Ingredients: (for 1 gallon)
· 3 ¼ lb. Honey
· 12 cups Extra Strong Brewed Coffee
· ½ tsp. Acid Blend
· 1 tsp. Nutrient
· Water to make 1 gallon if needed
· 1 pkg. Pasteur Champagne Yeast
Procedure:
Brew coffee. Heat 6 cups of coffee with honey, skim if necessary. Add in nutrient and acid blend. Pour coffee and coffee-sugar mixture into carboy. Add enough water to make one gallon. When cooled, pitch yeast and attach an air lock. You may wish to use a blow-off tube. If you do, after the initial violent fermentation, attach a regular air lock.
Per Cheezer: "The Coffee Mead is good, but you definately need to have a love for coffee to drink it."

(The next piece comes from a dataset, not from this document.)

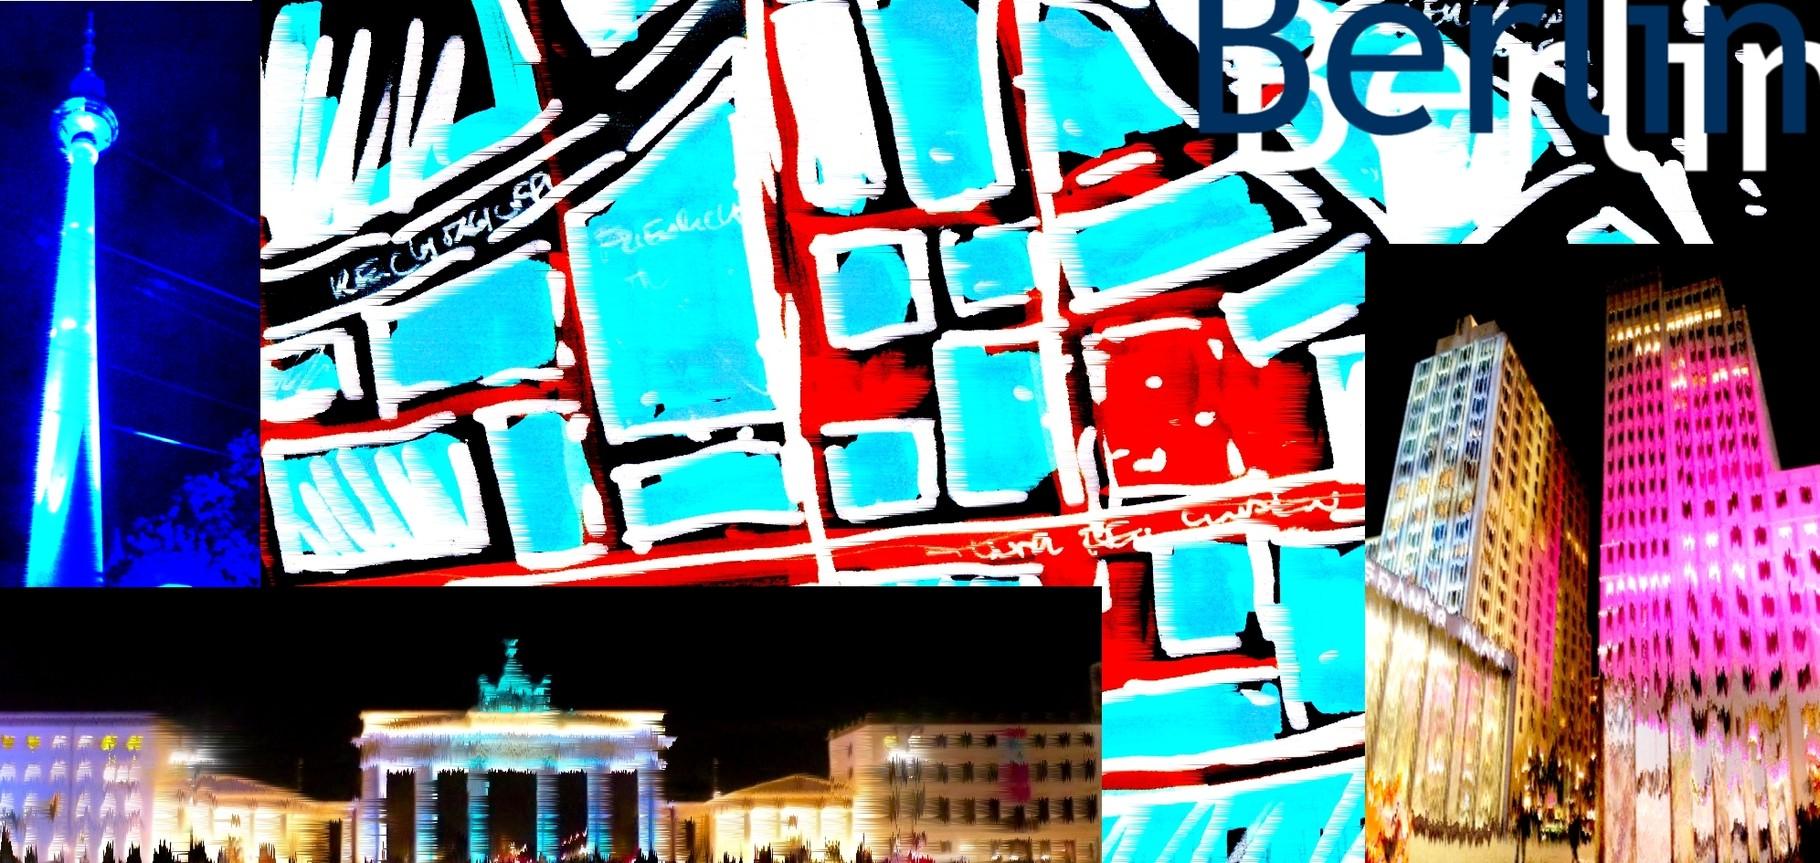 Berlin 2, 2013

Recipe curtesy of "Cheezer"
 
I didn't add any acid to the coffee mead I made and I liked it fine the way it was. Also, you might consider cold steeping the coffee for a few hours to tone down the bitterness.
 
+1 on the cold steep!!
Brewing the coffee will release tanic acid.
Which could leave you with a very bitter taste.
If you can buy a bit of "fresh" coffee and grind it yourself, you should get some better results.

-Jason
 
Im thinking cold steeping mean simply to make it with cold water at first and let it set for a few hours? Tap water cold or place the carafe in the fridge?